Educators need to tap into their expertise and wisdom to help students focus on smaller goals, so they don’t become overwhelmed by the bigger picture. Perfection is not possible, but trying to communicate that to someone suffering from anxiety doesn’t register.
Break the task up for the student. Start by saying, “I want you to focus on this.” Once they have a focus, tell them, “In the next fifteen minutes, try to accomplish this.” Redirecting their attention will help reduce anxiety, normalize it, and allow the student the opportunity to provide input. It’s a way to help them regain control over their mind. Chunk it up in parts, not all at once, to make the tasks seem smaller. Make sure to check back with them after the fifteen minutes. Once you do, recalibrate and tell them to focus on a new task.
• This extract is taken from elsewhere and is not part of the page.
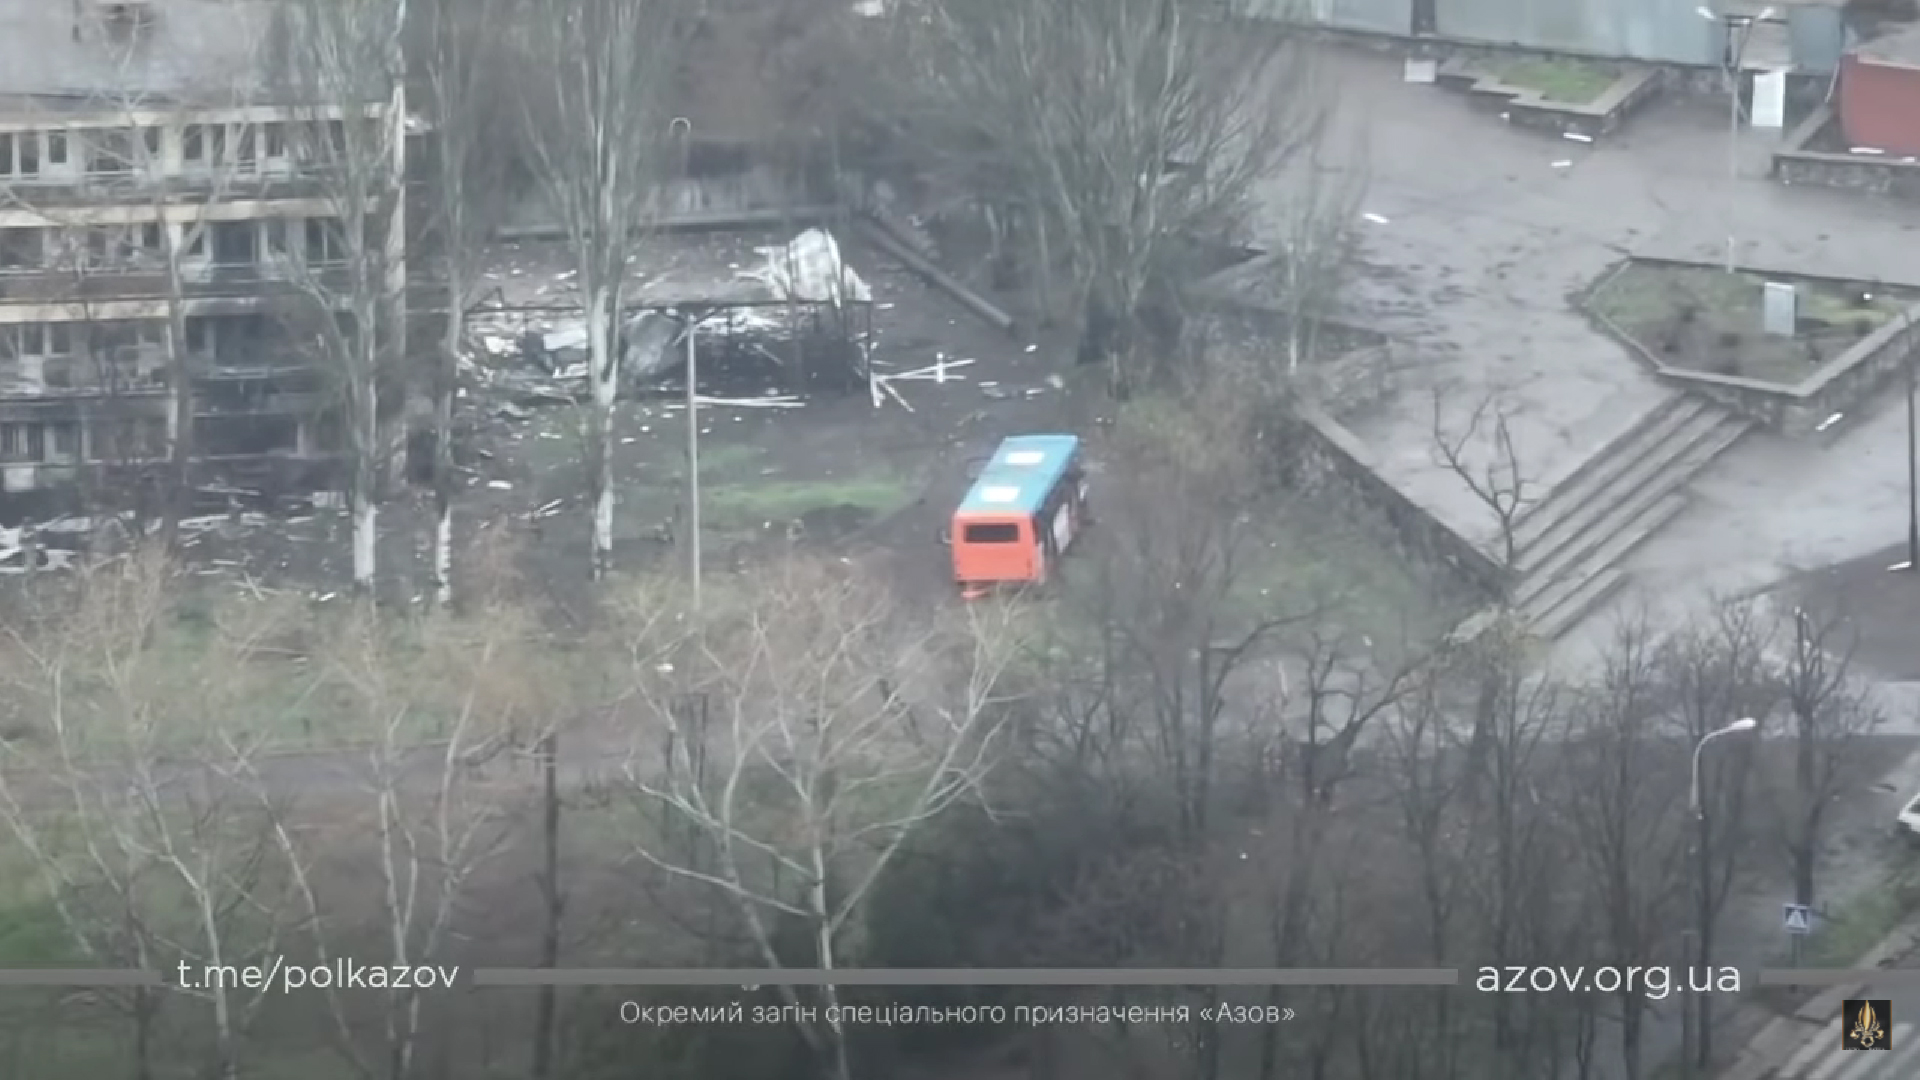 Zelenski anunță începutul ofensivei ruse în Donbas: Vom lupta, oricât de mulţi soldaţi ruşi sunt aduşi aici. Ne vom apăra

Goal Number 2: Draft a to-do list.
No matter what age you are, life is a high-maintenance proposition. As the responsibilities pile up, the anxiety increases. Once students realize they cannot accomplish all 26.2 miles on their first run, they will begin to see the power and importance of prioritization. Show them how to write a to-do list and explain how it’s going to work.
First, have them list all the tasks they need to do. Then have them prioritize the list, either by numbering it or rewriting it in order of what needs to happen first. Once they have finished a task, tell them to cross it off the list.
Doing this can be a way to feel accomplished. I still find crossing an item off a list to be a great feeling. One less thing, is what I always tell myself. Making a to-do list is an indirect way of asking students to think about what they can do in the next fifteen minutes to help get them through the discomfort of their immediate anxiety; it’s a great place to start.
Goal Number 3: Conduct a check-in.
Dealing with anxiety is not a one-time occurrence. It’s chronic, and students who struggle will do so again and again. Just because they overcome one obstacle doesn’t mean they won’t run into another down the road. Similarly, an educator might successfully talk an anxious student through one situation . . . just to find later that the student hasn’t acquired long-term coping mechanisms.
It is essential that educators check in with students the day after intervening during an anxious episode. A check-in can include asking the student to show their to-do list.
Additionally, it can include asking them where their anxiety is today on a scale of one to ten. Make sure to ask them if it’s an improvement from how they were feeling the day before. A check-in can include a follow-up on any other resolutions you worked on with the student, or a simple “Hey! How are you today? Anything I can help with?” Checking in with students makes them feel less alone. It also helps you later when it comes to observing changes in their behavior.
Nothing in life is to be feared, it is only to be understood.
— Marie Curie, physicist, chemist, and Nobel Prize winner
Much like any other major lifestyle change, rewiring an anxious mind takes time and practice. Educators must be willing to commit to making students part of the evolution of their own coping strategies.
To do this, enact specific steps: observe, ask, and then implement. Observing changes in student behavior will tell educators when they need to intervene. Asking anxious students questions as a way to gauge where they are will help you develop the small, manageable goals that will inevitably help anxious students move past their difficulties.
Educators who are advocates for students with anxiety are so important: they arm students with the coping skills they need in and out of school, and these skills will serve them for a lifetime.